Connect with us
   

Estado SP

⚖️Justiça afasta cinco conselheiras tutelares após suposta omissão no caso da menina Sophia, morta aos 3 anos em Ribeirão Preto

Publicado

on

Imagens Reprodução Video EPTV

Ministério Público pede cassação definitiva dos mandatos e inelegibilidade por oito anos; Promotoria afirma que denúncia de maus-tratos foi ignorada meses antes da morte da criança

A Justiça determinou o afastamento imediato de cinco conselheiras tutelares de Ribeirão Preto (SP) investigadas por suposta omissão no atendimento ao caso da menina Sophia Emanuelly dos Santos, de apenas 3 anos, que morreu em fevereiro deste ano após sofrer sucessivas agressões, desnutrição grave e outras formas de violência.

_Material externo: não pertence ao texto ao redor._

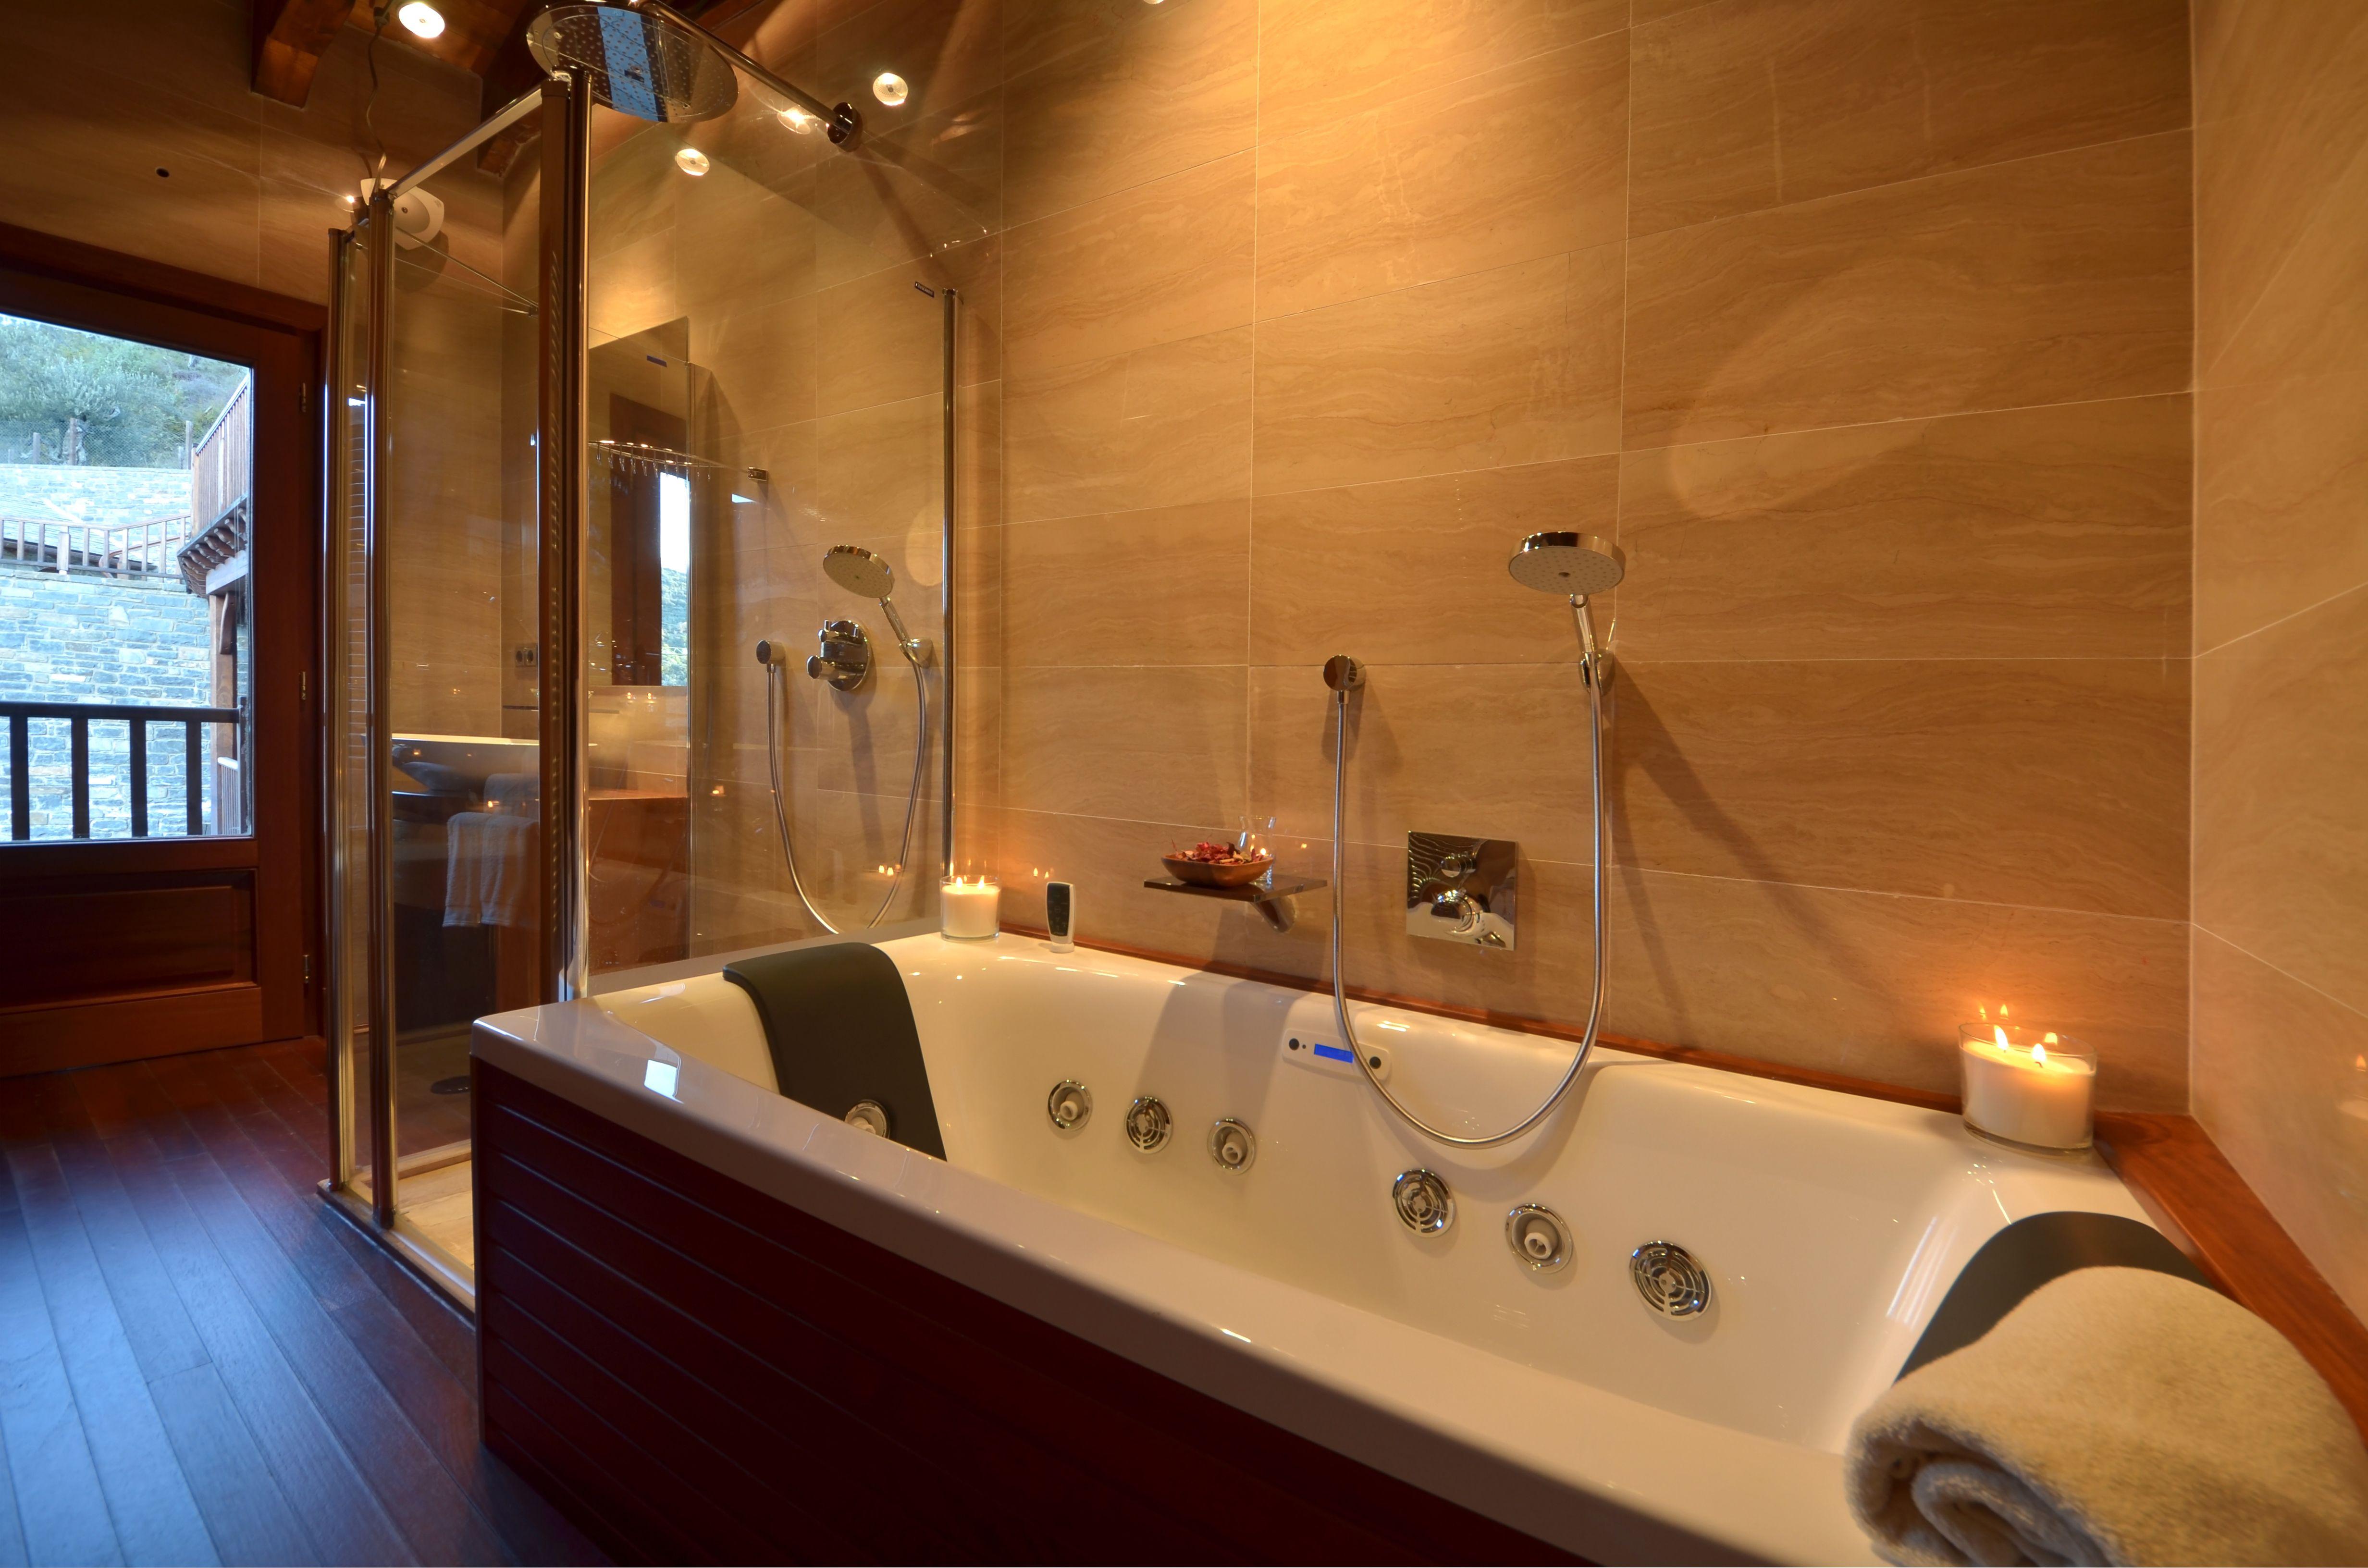 Cuarto de ba o completo con ducha ba era hidromasaje - Cuartos de aseo con ducha ...

A decisão atende a um pedido do Ministério Público de São Paulo (MPSP), que também requer, ao final da ação, a cassação definitiva dos mandatos das conselheiras e a proibição de que elas disputem novas eleições para o Conselho Tutelar pelos próximos oito anos.


🚨 Denúncia foi feita cerca de dez meses antes da morte

Segundo o Ministério Público, o caso teve início em abril de 2025, quando o Conselho Tutelar de Itapetininga encaminhou um ofício ao Conselho Tutelar III de Ribeirão Preto alertando sobre uma possível situação de maus-tratos.

A denúncia partiu da avó materna da criança, que relatou ter visto, durante uma videochamada, Sophia extremamente magra e com marcas pelo corpo enquanto vivia sob os cuidados do avô materno, já que sua mãe enfrentava problemas relacionados à dependência química.


📋 MP aponta que providências não foram adotadas

De acordo com a Promotoria, após receber a denúncia, o Conselho Tutelar realizou apenas uma diligência no endereço informado.

Como ninguém foi encontrado no local, o procedimento teria sido encerrado sem novas buscas.

O Ministério Público afirma que não houve:

  • 🚔 busca ativa para localizar a criança;
  • 🏥 acionamento da rede de saúde;
  • 🤝 mobilização da assistência social;
  • 👮 comunicação às forças de segurança;
  • 📑 registro adequado das providências adotadas.

Para o promotor responsável pelo caso, diante da gravidade das informações recebidas, essas medidas eram indispensáveis para proteger a criança.


💔 Sophia chegou à UPA com sinais extremos de violência

Sophia Emanuelly morreu após dar entrada em uma Unidade de Pronto Atendimento de Ribeirão Preto.

Segundo as investigações, a menina apresentava:

  • desnutrição grave;
  • múltiplas lesões pelo corpo;
  • fraturas;
  • edema cerebral;
  • sinais compatíveis com esganadura.

A causa da morte foi identificada como asfixia mecânica, conforme apontam os laudos periciais.


🔒 Avô e companheira aguardam julgamento

O avô materno da criança, José dos Santos, e sua companheira, Karen Tamires Marques, foram denunciados pelo Ministério Público pelos crimes de tortura e homicídio qualificado.

Os dois permanecem presos preventivamente enquanto aguardam a decisão da Justiça sobre o envio do processo ao Tribunal do Júri.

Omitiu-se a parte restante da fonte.